This sentiment is probably something that all of us in the veteran and military community have expressed before. To be honest, we all probably feel this way every now and then. Yet, when I first read Stephen Kinzer's article "Joining the military doesn't make you a hero", I thought to myself "Who is this asshole."
The truth that we so readily remember but that civilians seem to forget every time that they bash America’s “military hero worship culture” is that those of us in the military and veteran community are the ones who stand up against stolen valor, that the vast majority of veterans are humble,
As Weird Al once said “I know I’m one hundred times more humble than thou aren’t”.
and that by and large it isn’t our community asking for handouts, free tickets to baseball games, or special parking spaces. In fact for the majority of the time during the most recent wars, our community has been fighting for basic recognition of our community’s needs.

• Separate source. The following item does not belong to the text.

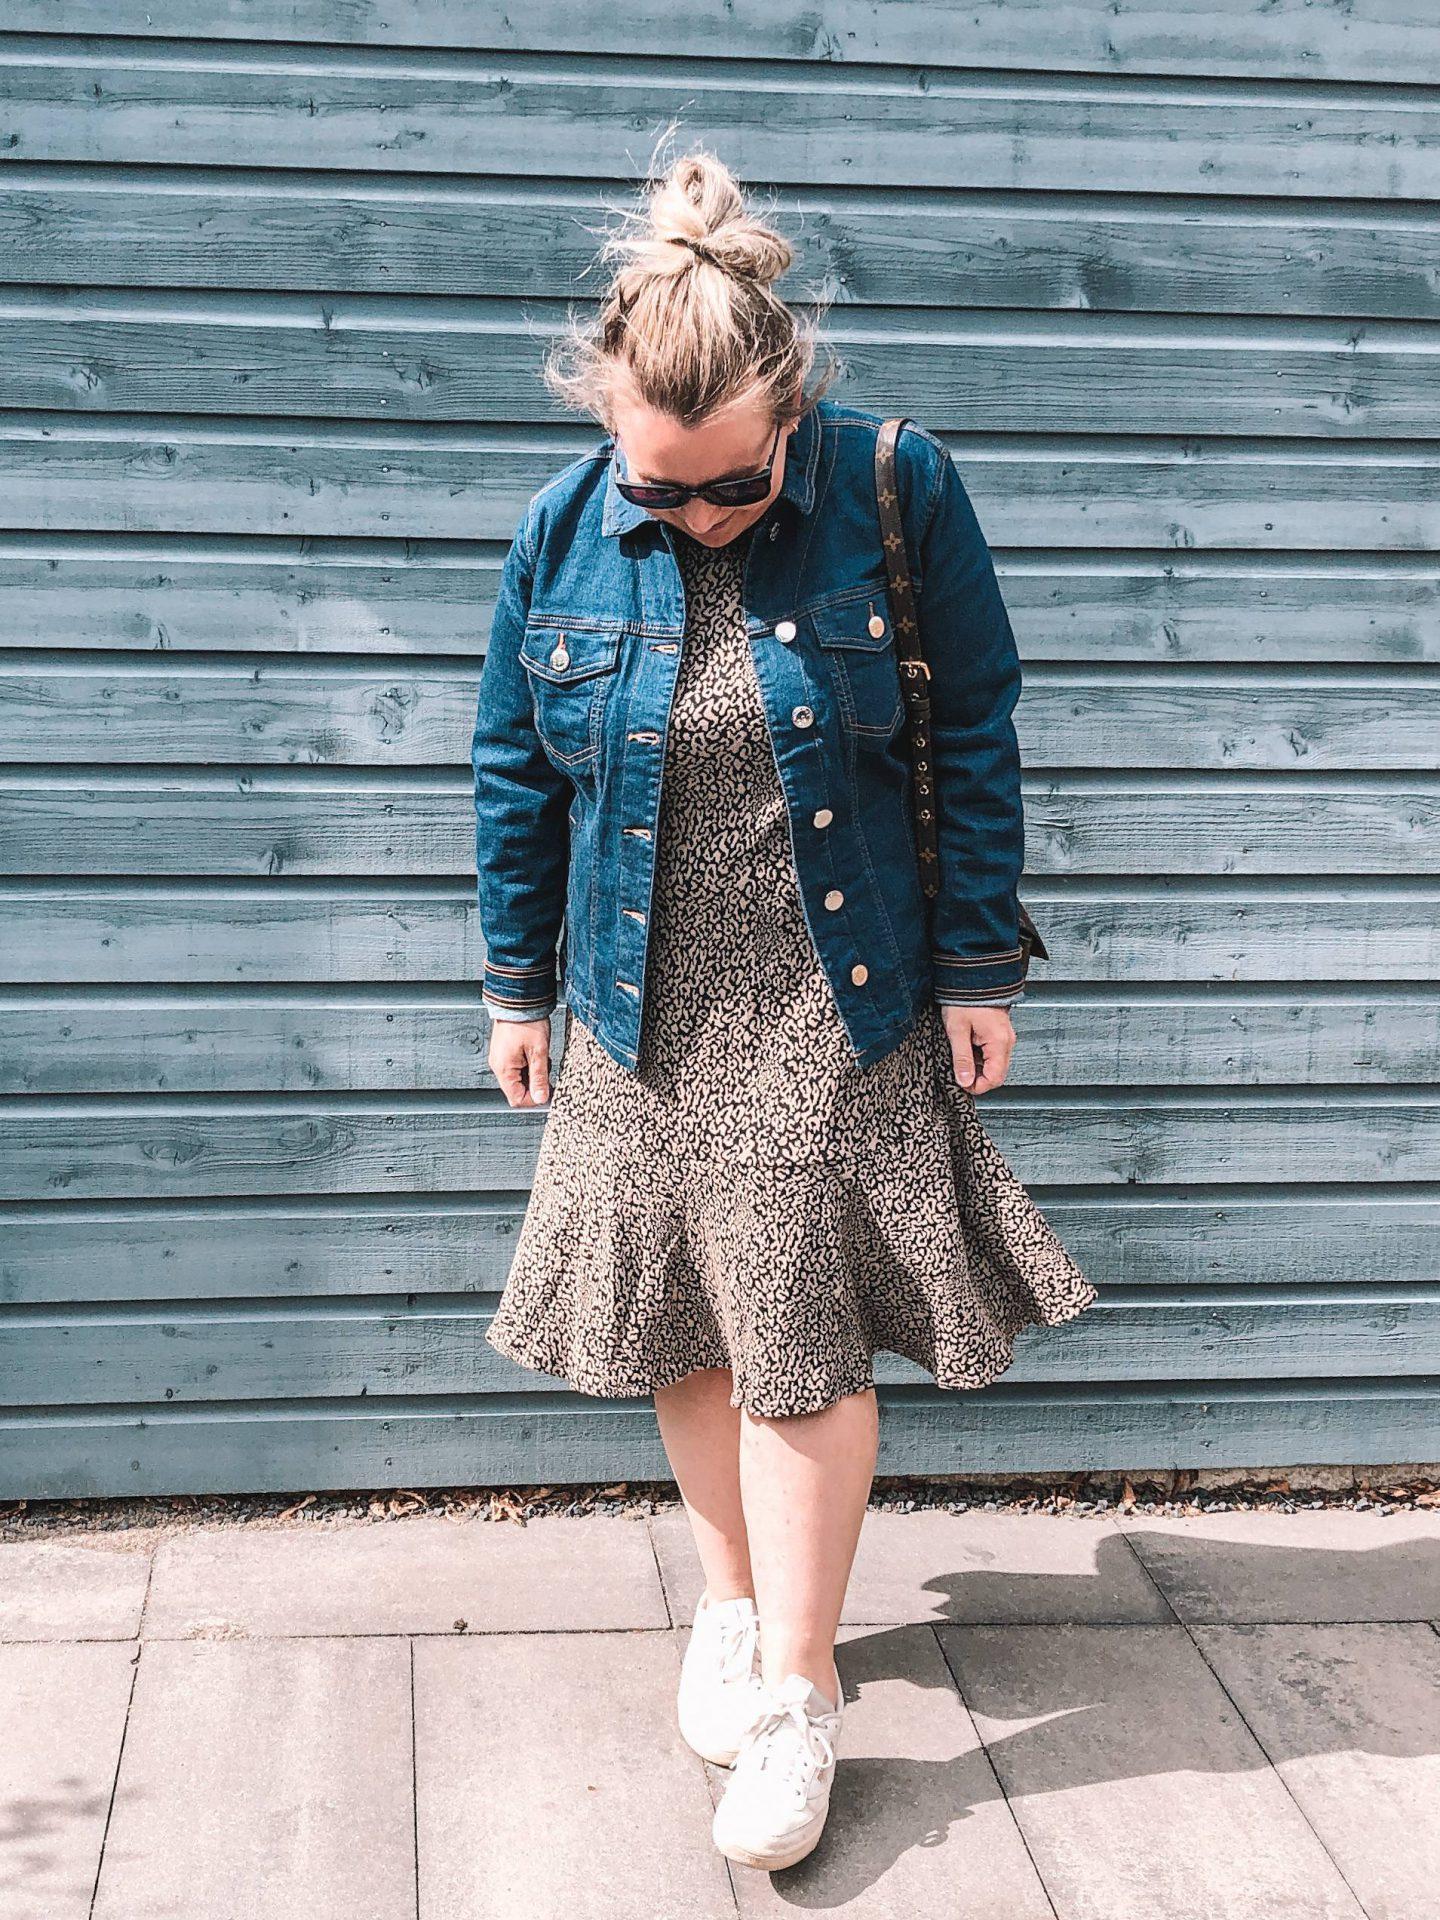 Twee duurzame outfits uit de sustainability collectie van bonprix

We have been fighting to help National Guardsmen keep their jobs when deployed. We’ve been fighting to help student veterans not be discriminated against at universities across the country.
One university in Virginia used to fail service members if they were deployed after the university’s drop date.
In fact, for the past decade our community has been fighting, not to be treated as heroes, but to be treated as human beings; to be treated as a community who has sacrificed so much in wars that our nation decided to fight.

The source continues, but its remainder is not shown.